Salix, upon receipt of the IPFA from the agent, would ascertain that the policy or policies listed therein were, in fact, issued and in effect. Salix would then purchase the IPFA for the balance of the premium due thereon, charging the interest and finance charges set forth therein.
By the express terms of the IPFA, it would not become effective unless and until Salix “accepted” by making the requested advance.
It is the Department’s contention that this practice constituted a direct loan from Salix to the in*125sured, and that the interest charges attached thereto exceeded the limits set forth in Section 309 of the Banking Code of 1965 (Code), Act of November 30, 1965, P.L. 847, as amended, 7 P.S. §309, which establishes a maximum interest rate of six dollars ($6.00) per annum for installment loans. The demurrer goes on to argue that even assuming arguendo that the IPPAs are third party loans, not subject to Section 309, they remain, on their face, usurious and in violation of such laws as the Consumer Discount Company Act, Act of April 8, 1937, P.L. 262, as amended, 7 P.S. §6201 et seq., and the Act of January 30, 1974, P.L. 13, 41 P.S. §101 et seq. (defining maximum lawful interest rates).
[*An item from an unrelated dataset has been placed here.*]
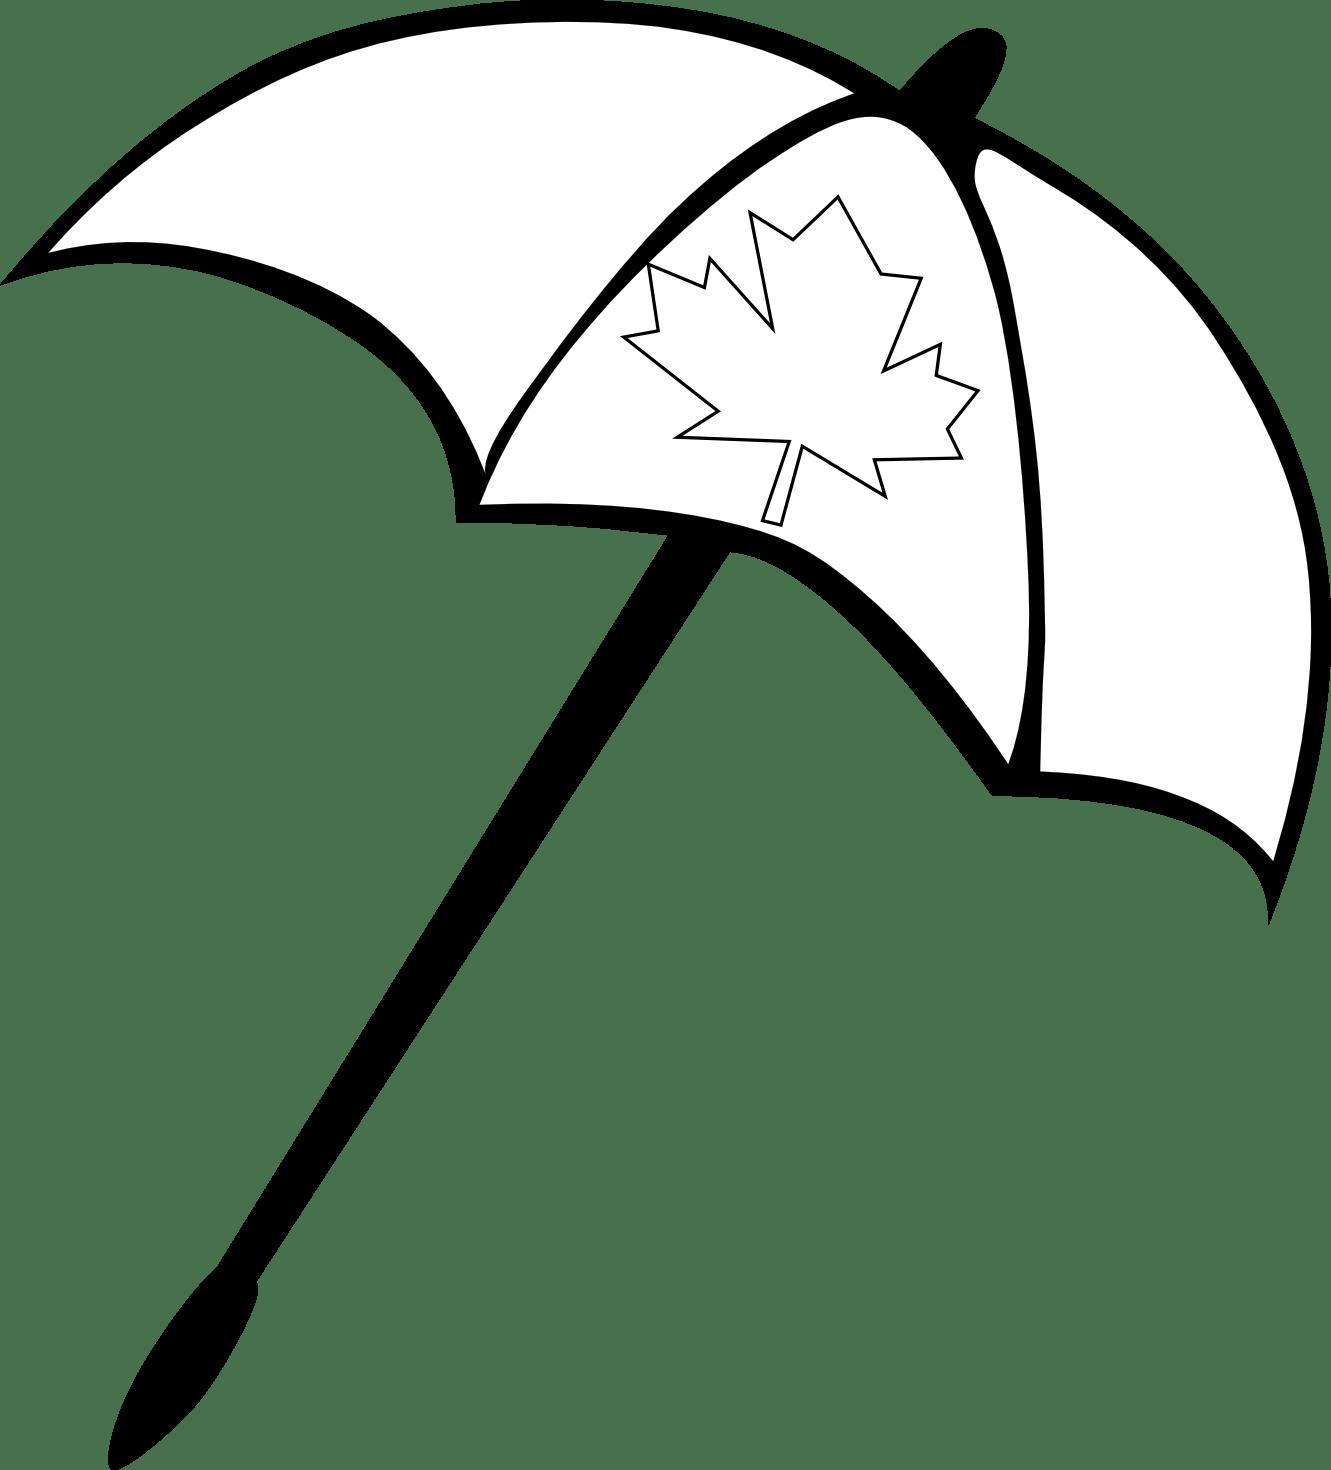 Clipart Umbrella Sketch Clipart Umbrella Sketch Transparent Free For Download On Webstockreview 2020

Prom the skeletal outline of facts set forth above, we cannot say unequivocally that the IPPA is a direct loan. Nor for that matter can we say that it is a third party loan. Demurrers are to be granted only in the clearest of cases, and from the state of the record now before us, the status of the IPPA, and the extent of the parties’ obligations, is far from clear.
It is unclear, for instance, whether the IPPA operates as a delegation and assignment by the insured to Salix, whether there is incorporated an assignment to Salix by the insurer of a preexisting right to payment under a valid insurance contract, or whether there is a completed novation resulting in a direct bilateral contract between Salix and the insured.
Also undefined is the aleatory nature of the obligor/insured’s duties under the insurance contract; the role of the broker/agent in initiating financing arrangements, executing the IPPA, forwarding the document to Salix, and accepting payment; and, finally, what warranties, if any, adhere to the original insurance contract and relate to the prospects of future financing.
*126As resolution of these uncertainties is necessary, the demurrer must be overruled and preliminary objections dismissed.
Order
Now, June 16, 1978, preliminary objections of the Department of Banking to the petition for review are hereby dismissed and respondent is directed to file an answer within thirty (30) days of this Order.
The governmental determination in question is a letter issued over the signature of a Deputy Secretary of Banking finding that certain insurance premium financing contracts entered into by Salix constitute direct rather than third party loans, thereby subject to lesser lawful maximum interest rates than charged by Salix, and directing Salix to rebate the excessive interest charges. As the issue has not been raised, we do not pass upon the question of whether this letter, particularly in the context of its wording, constitutes a governmental determination within the meaning of Chapter 15, Pa. R.A.P., and the jurisdictional requirements of Section 401, ACJA.